Collected material:
=-=-=

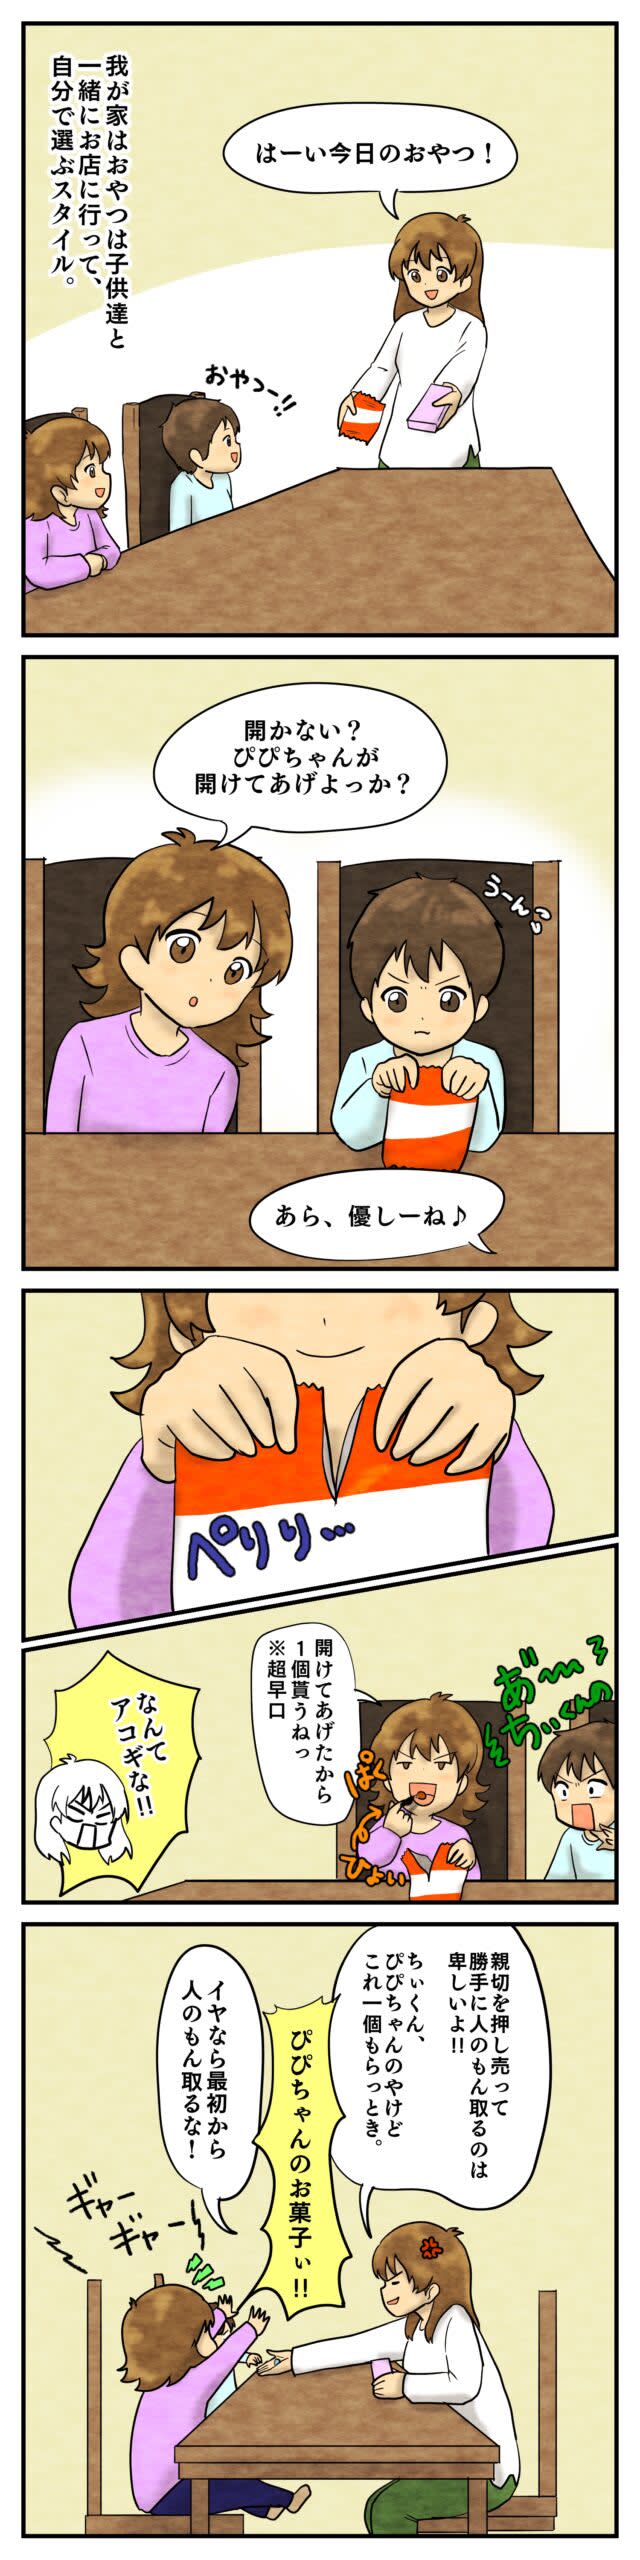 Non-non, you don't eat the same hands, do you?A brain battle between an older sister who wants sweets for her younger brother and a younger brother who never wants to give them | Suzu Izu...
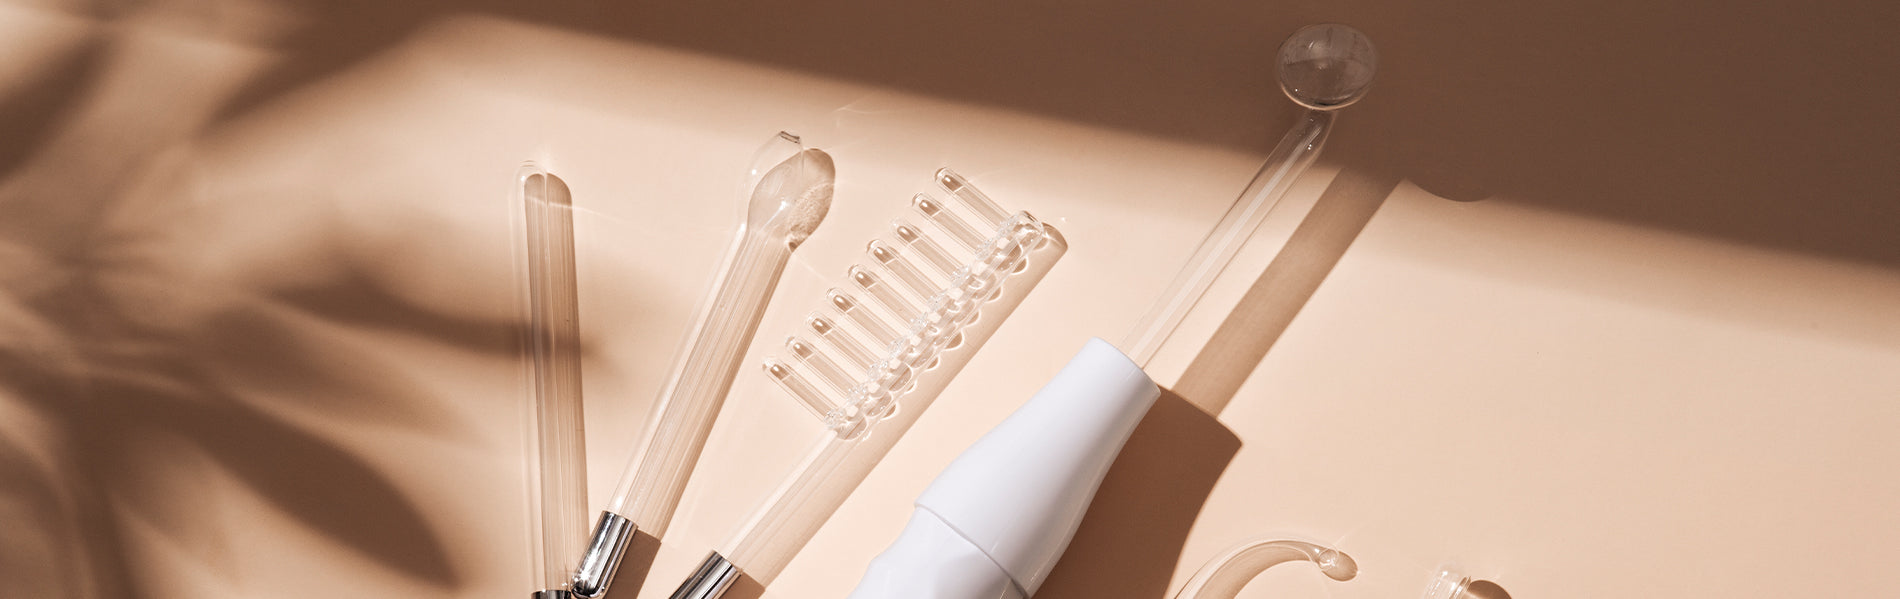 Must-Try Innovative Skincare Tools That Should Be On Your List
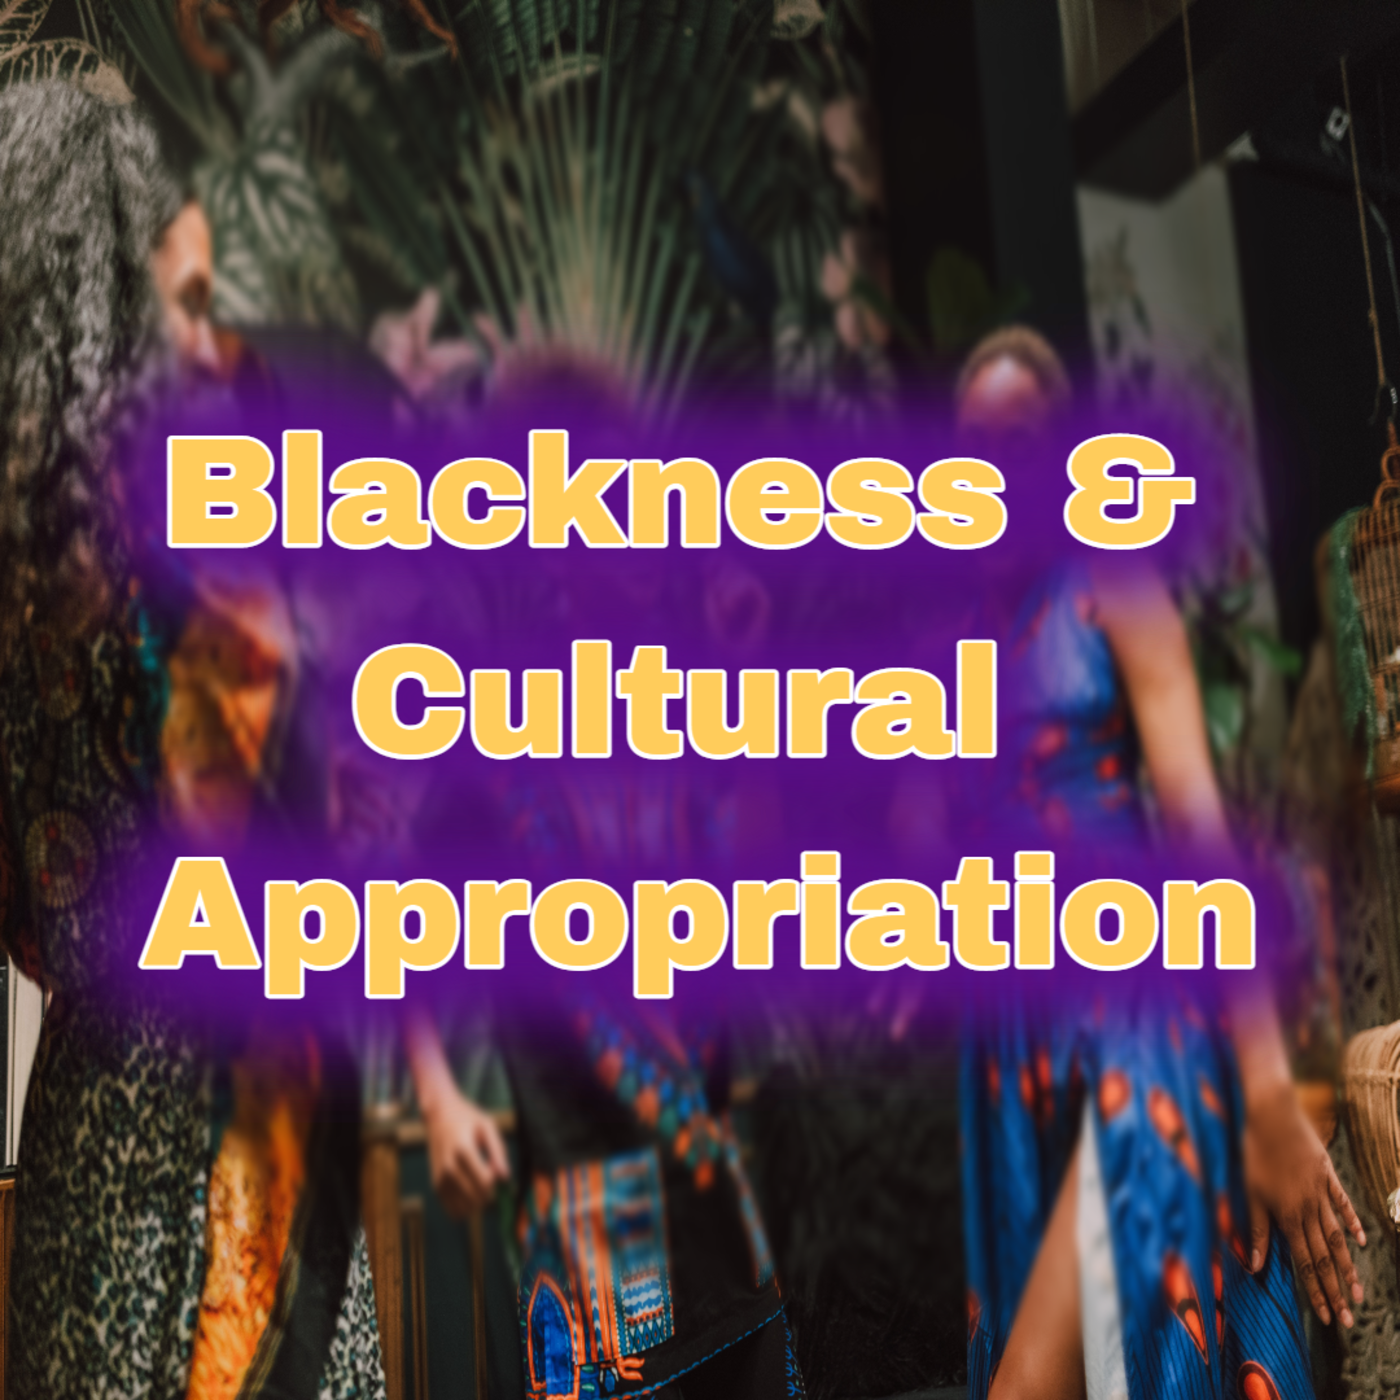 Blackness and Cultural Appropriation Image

=-=-=

Your objective: Leaving each image aside, repeat the listing above exactly.

Exercise solution:
 Non-non, you don't eat the same hands, do you?A brain battle between an older sister who wants sweets for her younger brother and a younger brother who never wants to give them | Suzu Izu...
 Must-Try Innovative Skincare Tools That Should Be On Your List
 Blackness and Cultural Appropriation Image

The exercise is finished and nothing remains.